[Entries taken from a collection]
########
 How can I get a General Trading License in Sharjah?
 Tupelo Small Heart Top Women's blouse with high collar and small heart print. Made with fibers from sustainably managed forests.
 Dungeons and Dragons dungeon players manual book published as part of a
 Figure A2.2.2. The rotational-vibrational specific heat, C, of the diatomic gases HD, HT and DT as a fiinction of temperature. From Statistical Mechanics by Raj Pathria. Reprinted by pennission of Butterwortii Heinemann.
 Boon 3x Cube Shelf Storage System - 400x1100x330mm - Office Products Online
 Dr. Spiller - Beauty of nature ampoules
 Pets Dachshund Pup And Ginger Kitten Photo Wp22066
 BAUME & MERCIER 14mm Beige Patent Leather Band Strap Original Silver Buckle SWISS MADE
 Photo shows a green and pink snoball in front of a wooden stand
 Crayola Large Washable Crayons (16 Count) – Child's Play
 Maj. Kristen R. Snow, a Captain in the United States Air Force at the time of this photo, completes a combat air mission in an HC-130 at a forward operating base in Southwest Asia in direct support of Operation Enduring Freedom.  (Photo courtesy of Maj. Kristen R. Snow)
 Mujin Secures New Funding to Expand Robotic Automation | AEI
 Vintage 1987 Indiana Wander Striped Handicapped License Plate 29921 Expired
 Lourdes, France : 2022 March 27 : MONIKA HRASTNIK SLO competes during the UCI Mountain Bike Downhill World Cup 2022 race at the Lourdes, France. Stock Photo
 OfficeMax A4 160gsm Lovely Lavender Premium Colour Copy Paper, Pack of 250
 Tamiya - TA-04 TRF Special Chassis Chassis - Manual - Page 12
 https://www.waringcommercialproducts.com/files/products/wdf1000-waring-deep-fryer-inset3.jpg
########
Beginning with the line that has "Dungeons and Dragons" and ending with the line that has "Dr. Spiller - Beauty of nature ampoules", set down the lines above exactly and include no others.

▶ **RESPONSE TO THIS TASK**
 Dungeons and Dragons dungeon players manual book published as part of a
 Figure A2.2.2. The rotational-vibrational specific heat, C, of the diatomic gases HD, HT and DT as a fiinction of temperature. From Statistical Mechanics by Raj Pathria. Reprinted by pennission of Butterwortii Heinemann.
 Boon 3x Cube Shelf Storage System - 400x1100x330mm - Office Products Online
 Dr. Spiller - Beauty of nature ampoules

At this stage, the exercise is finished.